Characteristics of facial sun-damaged skin include fine and coarse wrinkle formation, pigmentation changes, discolouration, dry texture, loss of elasticity, loss of skin tone, sagging subcutaneous tissues, underlying muscle hypertrophy and volume loss in the face.

How does sun exposure age our skin?

Without protection from the sun's rays, just a few minutes of exposure each day over the years can cause noticeable changes to the skin. Freckles, age spots, dilated pores, uneven tone, spider veins on the face, rough and leathery skin, fine wrinkles that disappear when stretched, loose skin, a blotchy complexion, actinic keratoses (thick wart-like, rough, reddish patches of skin), and skin cancer can all be traced to sun exposure.

The skin ages when the epidermis (outer layer of the skin) begins to thin, causing the junction with the dermis (outer layer) to flatten. Sun-damaged skin has a thicker epidermis, which is "dead" and irregular. There is increased water loss from the skin and a decrease of the sebaceous glands, which provides natural moisture to the skin. More abnormal cells accumulate in aged skin, especially if there is chronic sun damage, which can lead to pre-cancerous and cancerous lesions.

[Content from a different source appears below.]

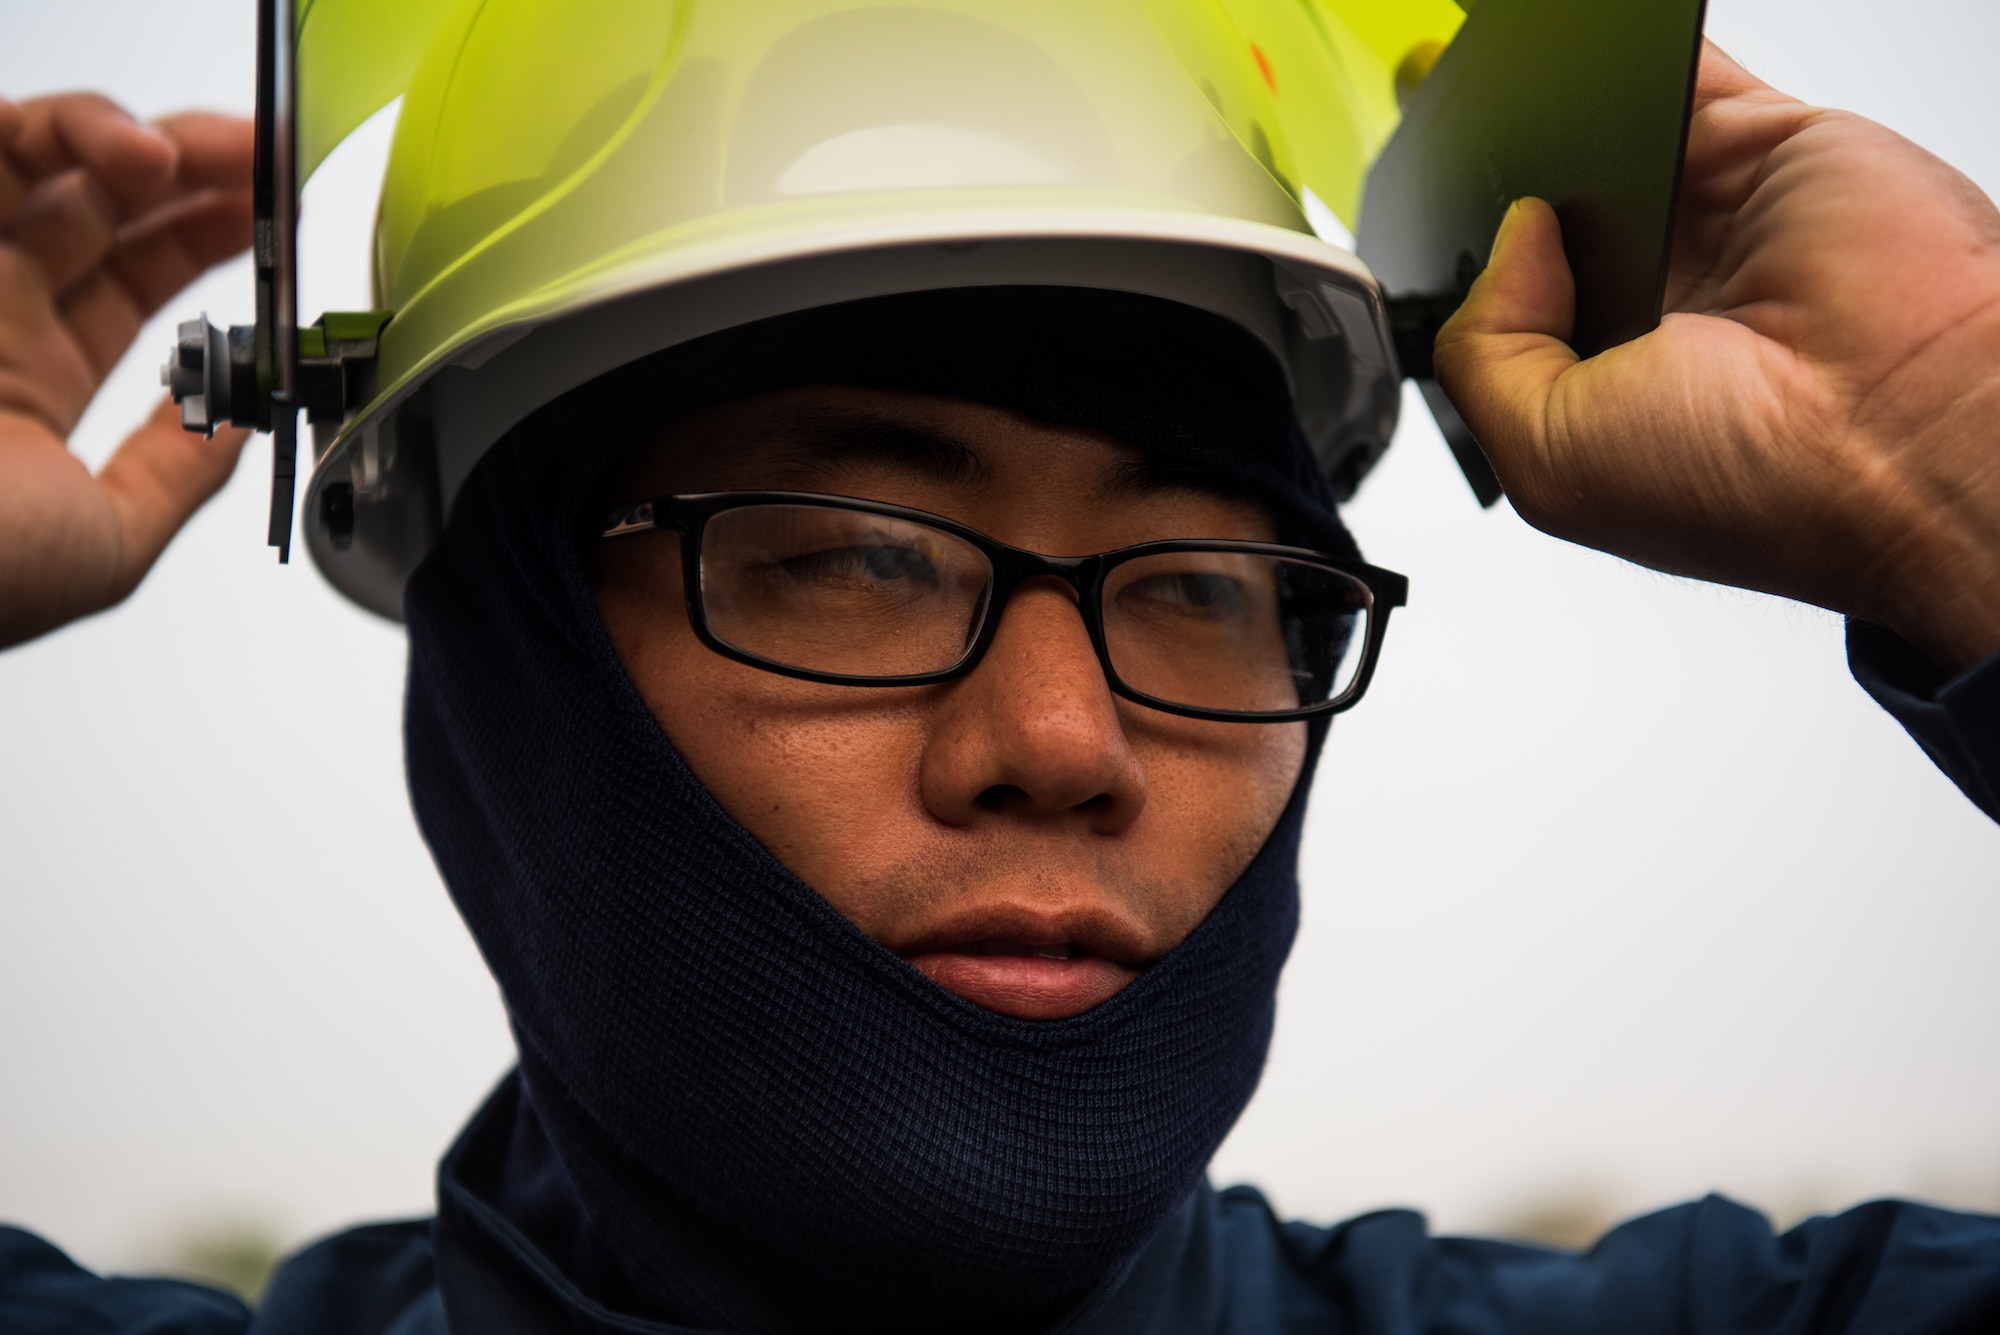 Airman 1st Class Charles Song, 9th Civil Engineer Squadron heating, ventilation and air conditioning technician, secures his personal protective equipment before working with high voltage equipment at  Beale Air Force Base, California, Aug. 2, 2018. Arch flash gear is rated to protect the wearer if there is an electric explosion. (U.S. photo by Senior Airman Justin Parsons)

Scientific studies have shown that repeated ultraviolet (UV) exposure breaks down collagen and impairs the synthesis of new collagen. The sun also attacks our elastin. Sun-damaged skin also causes chronic inflammation of the skin and an increase of elastin that clusters into thick bundles called solar elastosis. Collagen decreases as we age and the bundles of collagen, which gives the skin turgor, become looser and lose strength.

People with fair skin who have a history of sun exposure develop more signs of sun damage than those with dark skin. In people of colour, the signs of sun damage are usually limited to fine wrinkles, a mottled complexion and sagging of the mid-face leading to under-eye bags.

The degree of sun damage as classified by Glogau:

1. Mild (age 28-35 years): Few wrinkles, no actinic keratosis (tender red dry spots), requires little or no make-up.

2. Moderate (age 35-50 years): Early wrinkling, sallow complexion with early actinic keratosis( tender red dry spots), requires little make-up.

3. Advanced (age 50-60 years): Persistent wrinkling, discolouration of the skin with telangiectasia and actinic keratosis( tender red dry spots), always wear make-up.

4. Severe (age 65-70 years): Severe wrinkling, photo ageing, gravitational and dynamic forces affecting the skin, actinic keratosis ( tender red dry spots) with or without skin cancer, wears makeup with poor coverage.